09 June 2010

In the Kitchen Garden, Part 2: Portrait of an Artichoke

Artichoke (Cynara cardunculus), June 2010

When I start processing my images in Photoshop, I almost always find one or two that give me a visceral thrill, and that I can't wait to share. Being able to see the pictures almost right away and work with them myself (without darkroom chemicals) is just one of the reasons I have happily converted to digital photography, after years of holding onto the Luddite position that pixels could never capture life the way film does.
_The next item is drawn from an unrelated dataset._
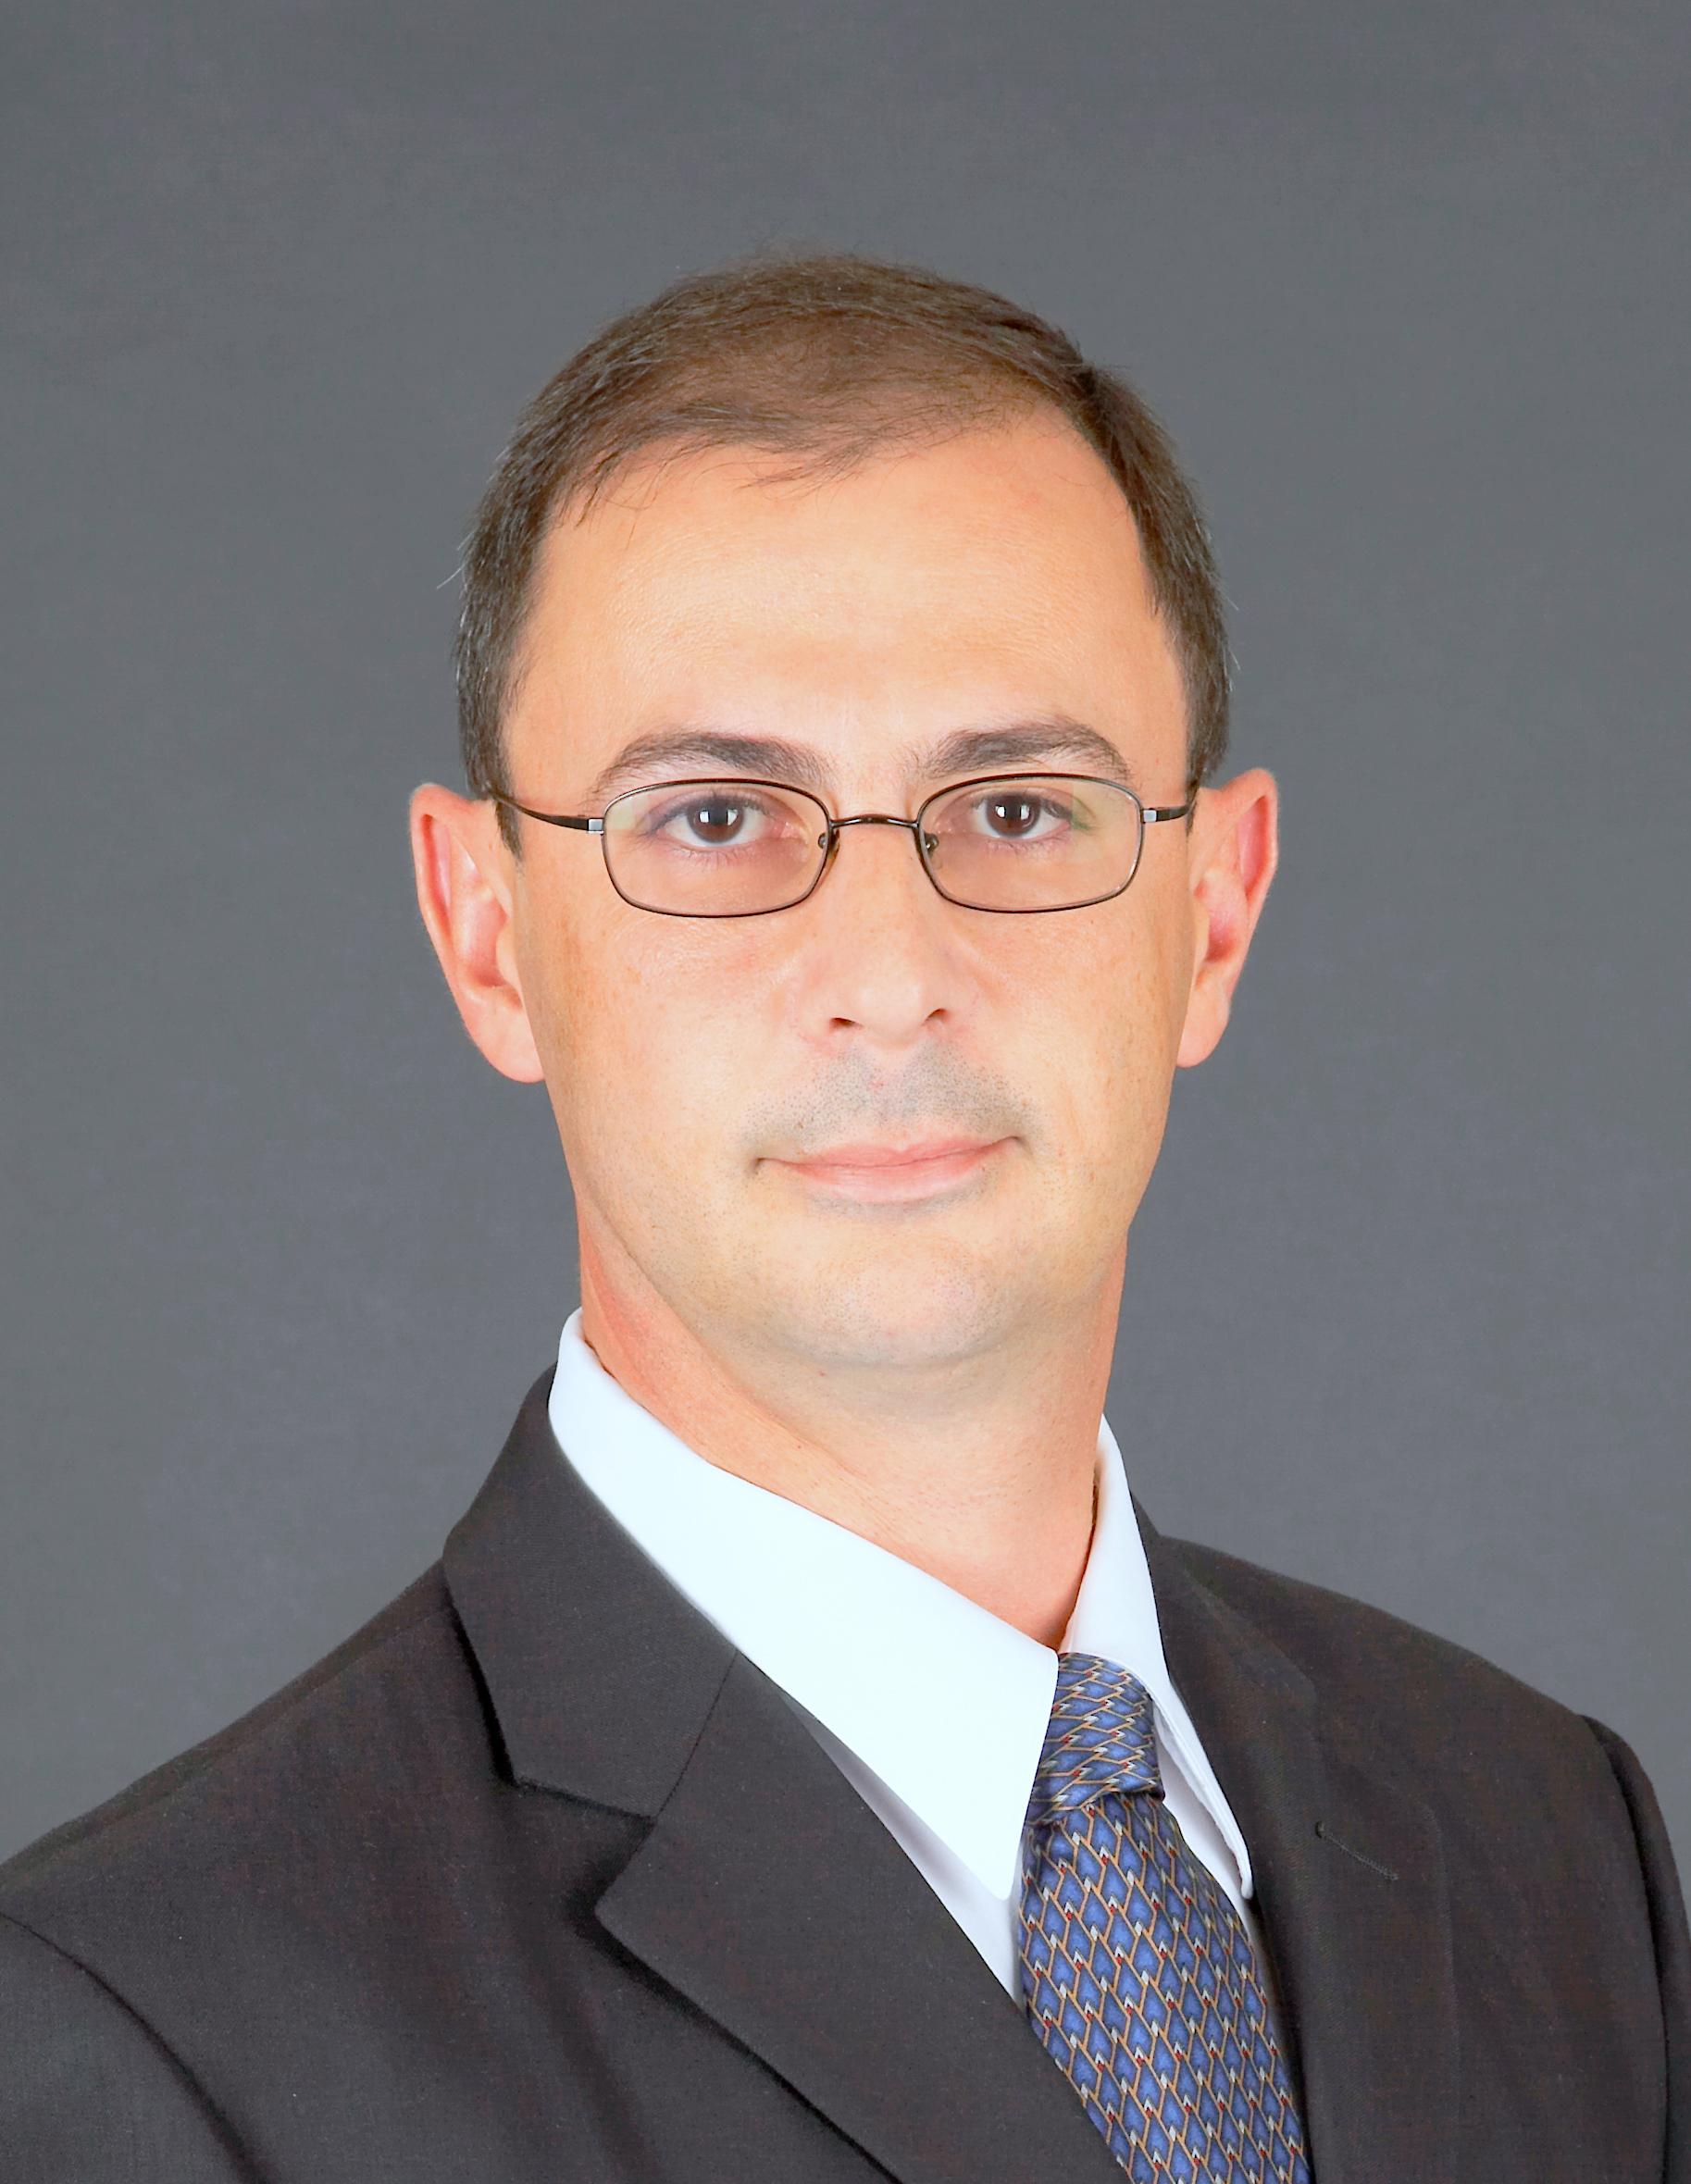 Olivier Dapremont

I'm finally converted, but you tell me: are these images lifelike?

I spent some time the other day with an artichoke that, like the herbs in a previous post, had gone to bloom and was thus "useless" in a culinary sense. Inedible, perhaps, but absolutely gorgeous. The artichoke is a member of the thistle family, and when it blooms it's easy to see the resemblance. The filamentous florets look like sea anemone tentacles (indeed, the sea creature was named after the anemone flower), and the heavenly blue-violet color is a surprising contrast to the thick army-green leaves and stems. I used extreme-macro to capture these images; I could have increased the depth of field (and might experiment with that next time), but right now I am enjoying the creative possibilities of limited DOF, including highlighting details that might otherwise be unnoticeable if more of the entity were in focus. Are these images "most representative" of this artichoke's beauty? I don't think any image could be all that, and in any case making images is, for me, all about experimentation, which I've always believed is the best way to learn and, ultimately, to express my own vision of the world.

4 comments:

KeLLy aNN said...

This has got to be the BEST new thing I learned today!
I never even knew the artichoke had a flower, much less one so attractive.

Anna Lear said...

Thanks, Kelly Ann! The first time I saw one (in my own garden, no less, which I had been neglecting because of work) I couldn't believe it! Made me feel a lot less guilty about neglecting it!
;-)

Anonymous said...

I have never seen an artichoke in bloom before. Gorgeous! Thank you for posting these amazing pics.
Anna (Canada)

Anna Lear said...

Thanks for your comments, Anna -- it's good to hear from you! Take good care.